INFORMATION SHOWN
◆ ◆ ◆ ◆ ◆

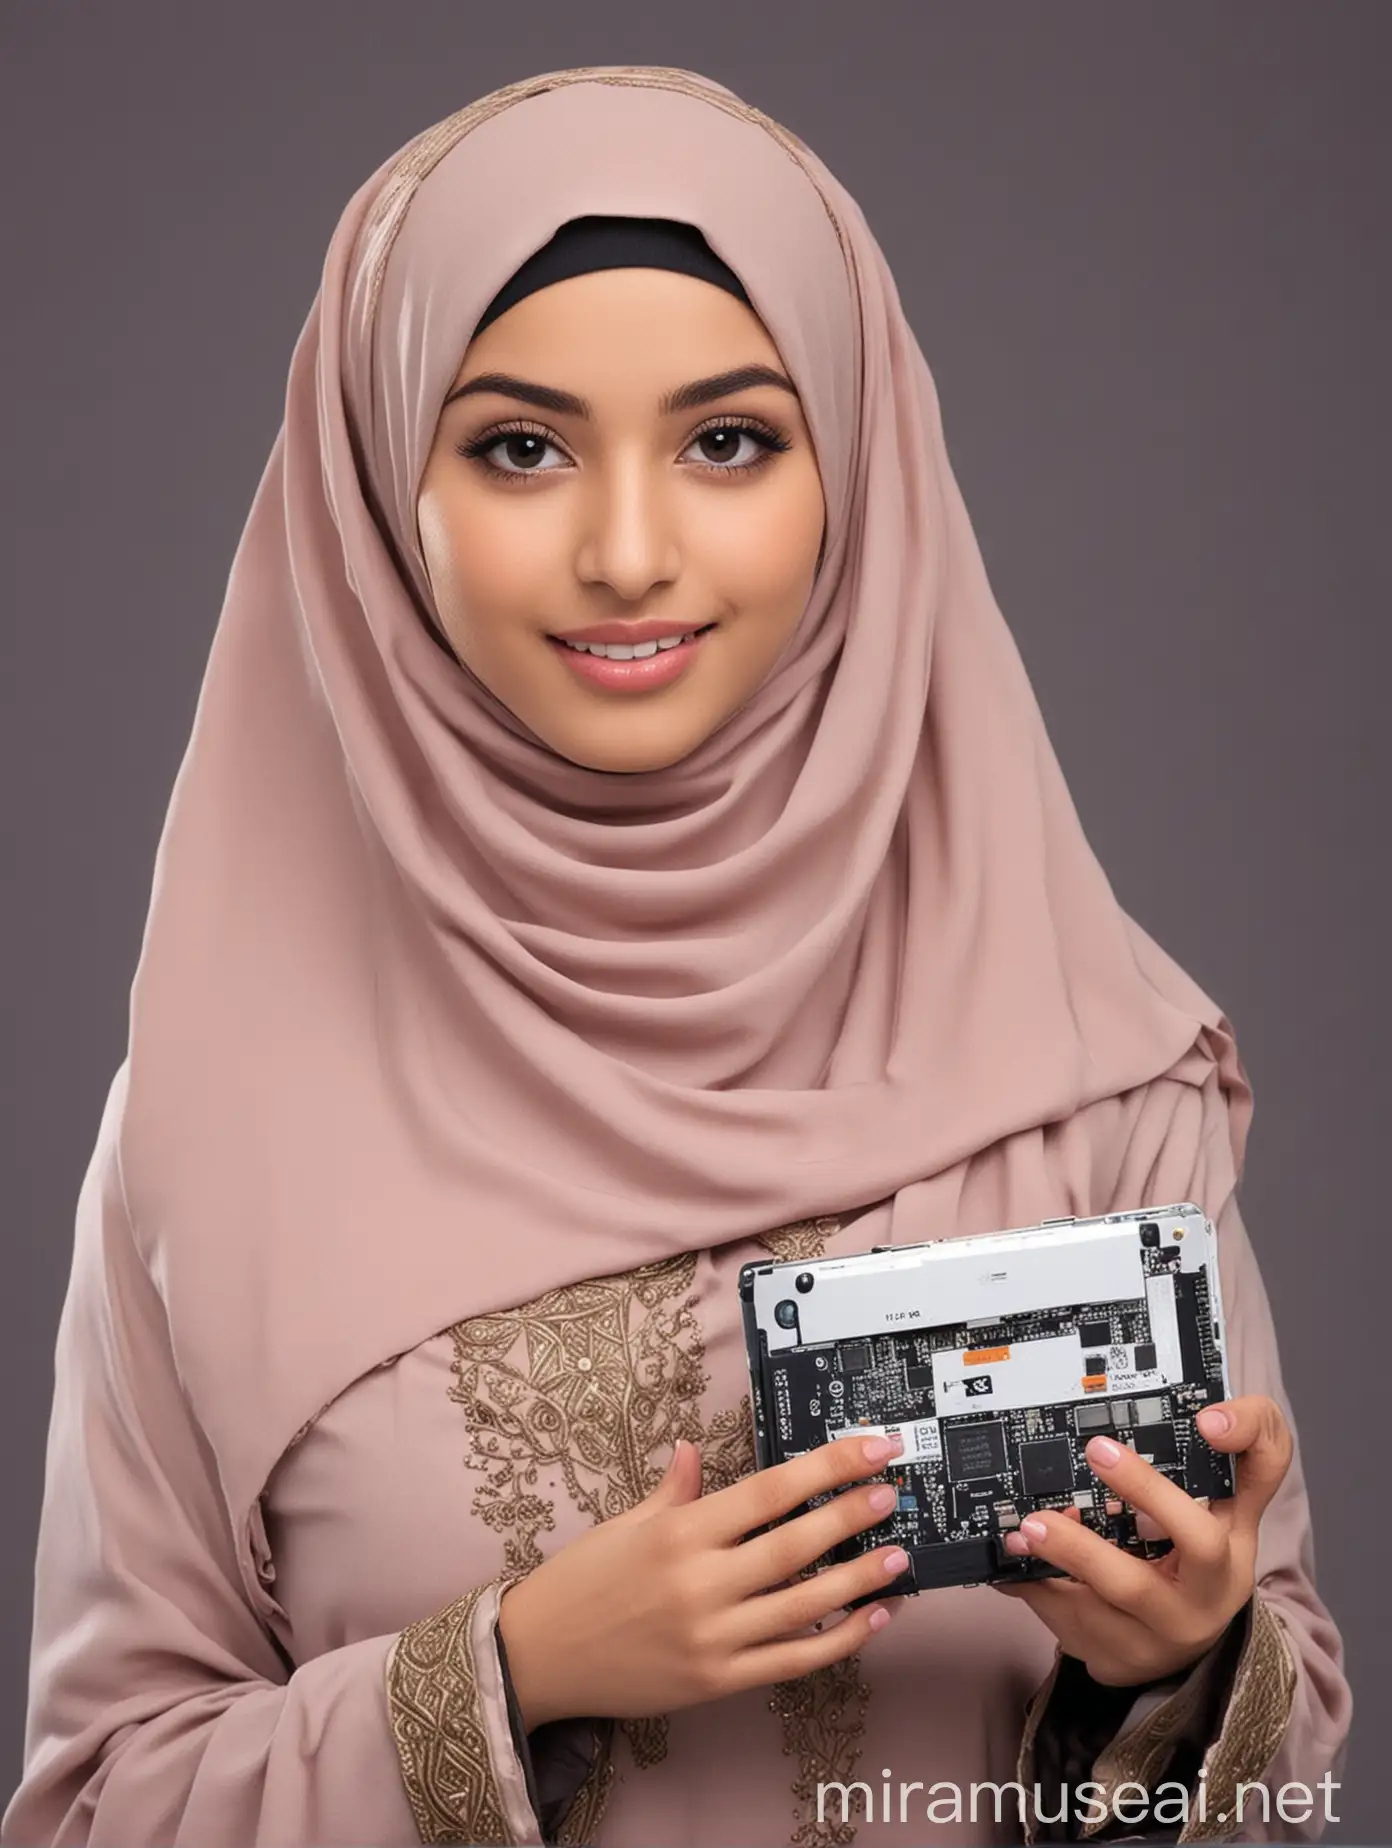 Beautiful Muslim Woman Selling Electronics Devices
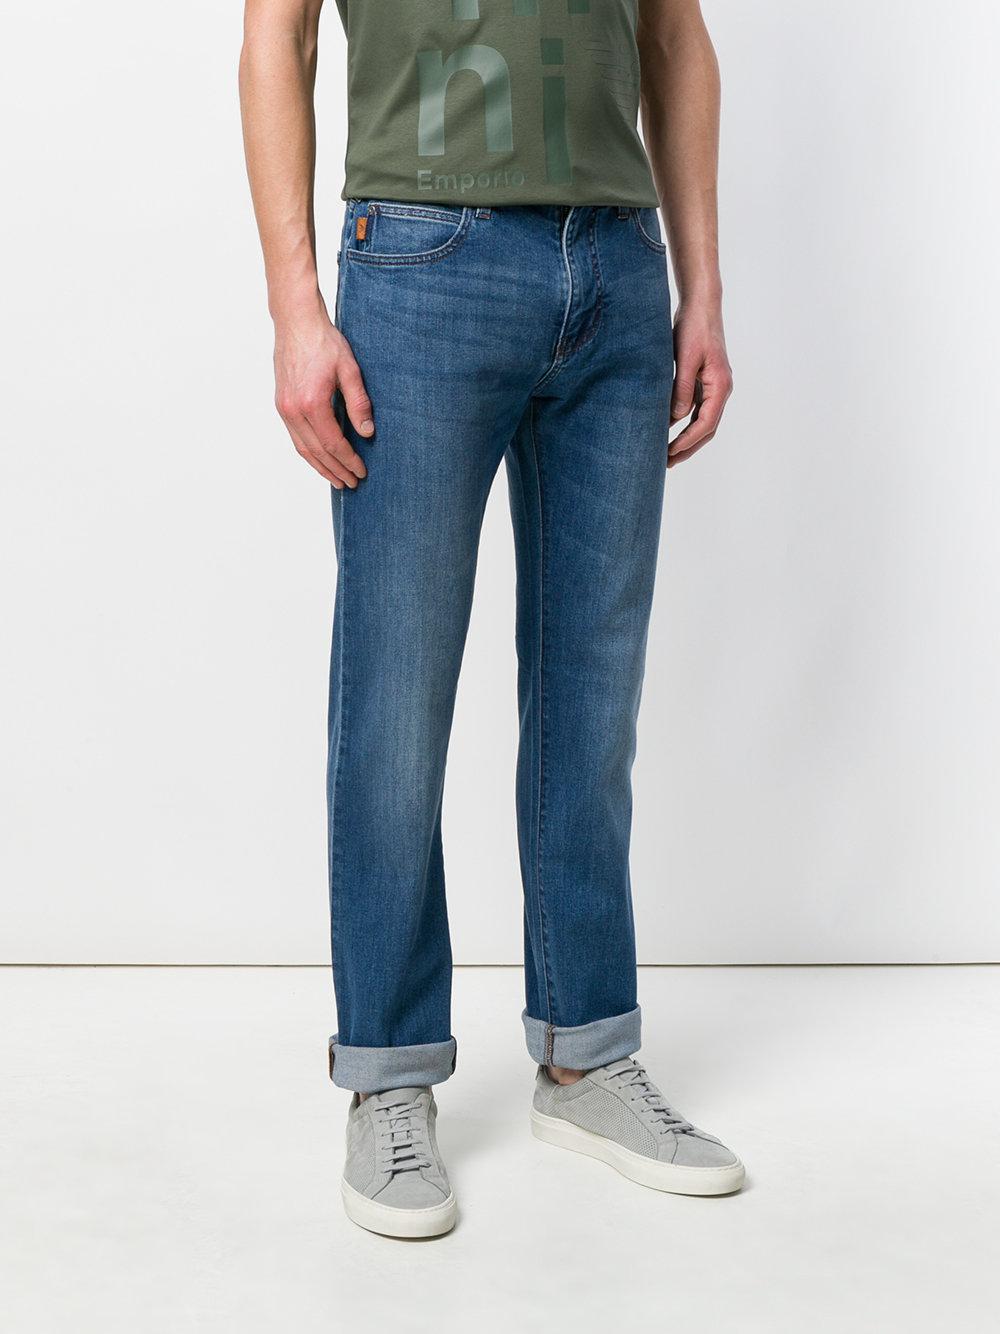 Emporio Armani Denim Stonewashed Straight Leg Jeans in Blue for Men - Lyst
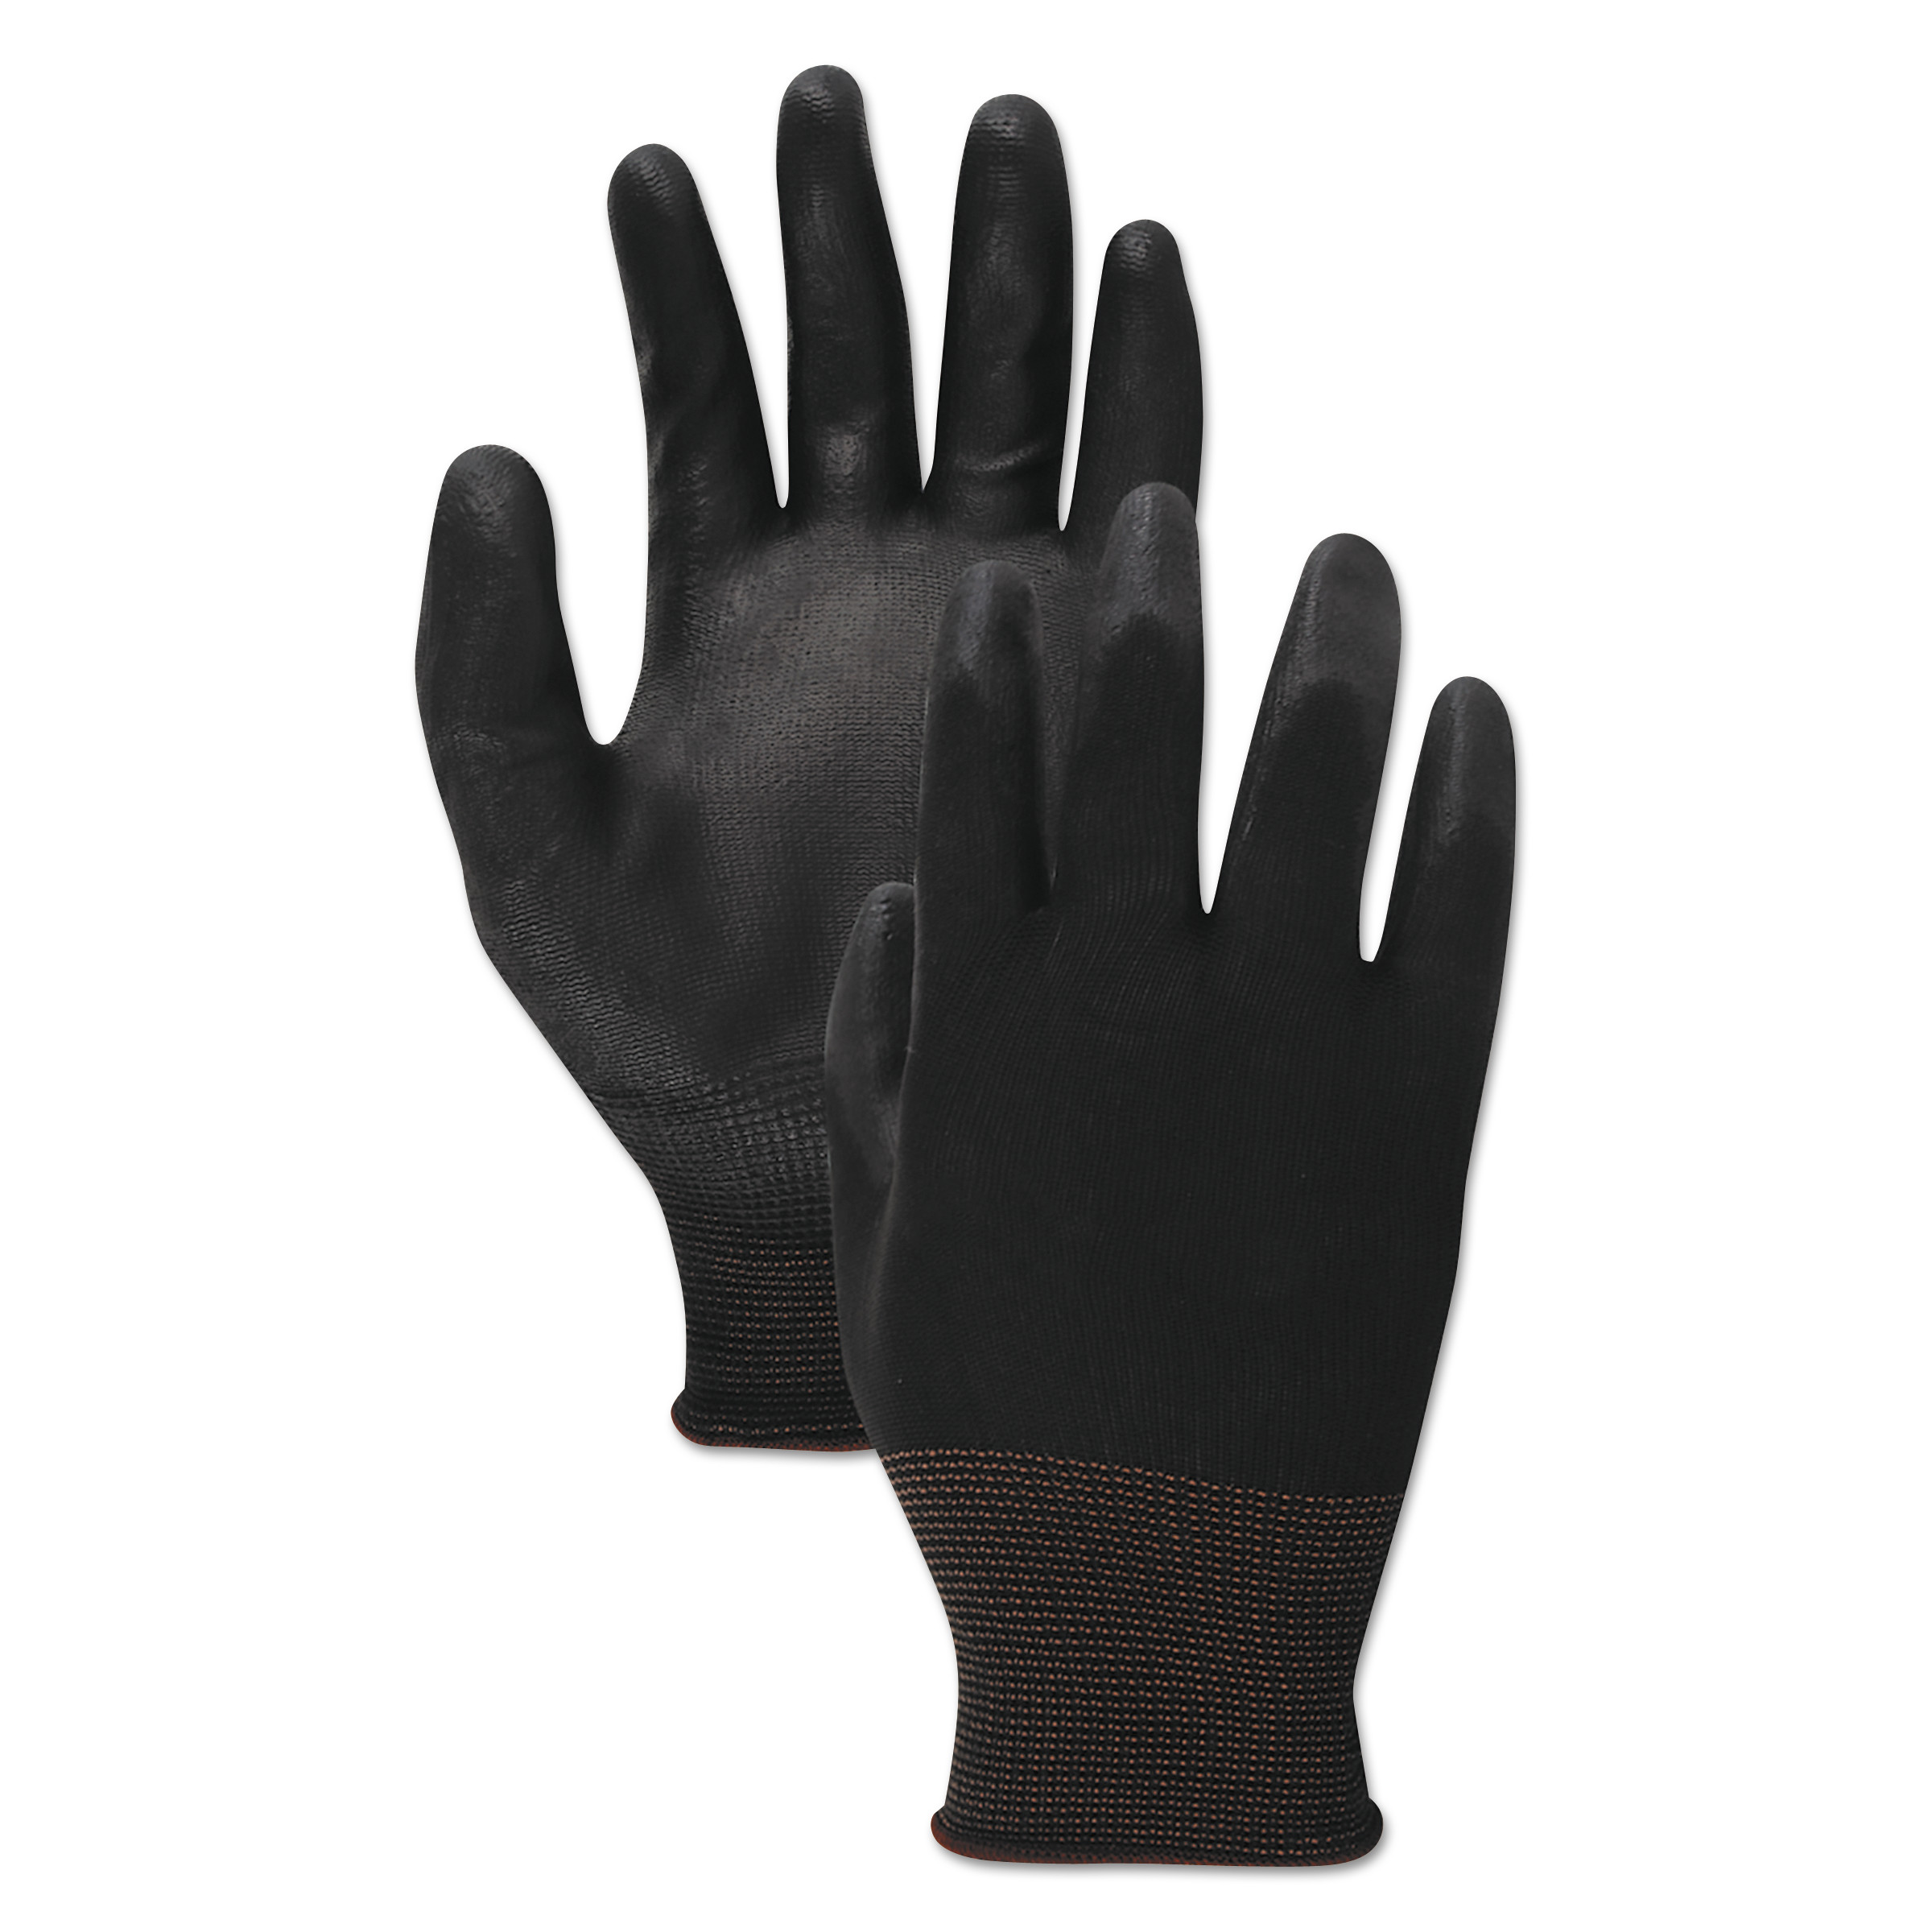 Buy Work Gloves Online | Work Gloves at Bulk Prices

◆ ◆ ◆ ◆ ◆

ABOUT THIS TASK
This task calls for an exact copy of the data above, without pictures.

REPLY
 Beautiful Muslim Woman Selling Electronics Devices
 Emporio Armani Denim Stonewashed Straight Leg Jeans in Blue for Men - Lyst
 Buy Work Gloves Online | Work Gloves at Bulk Prices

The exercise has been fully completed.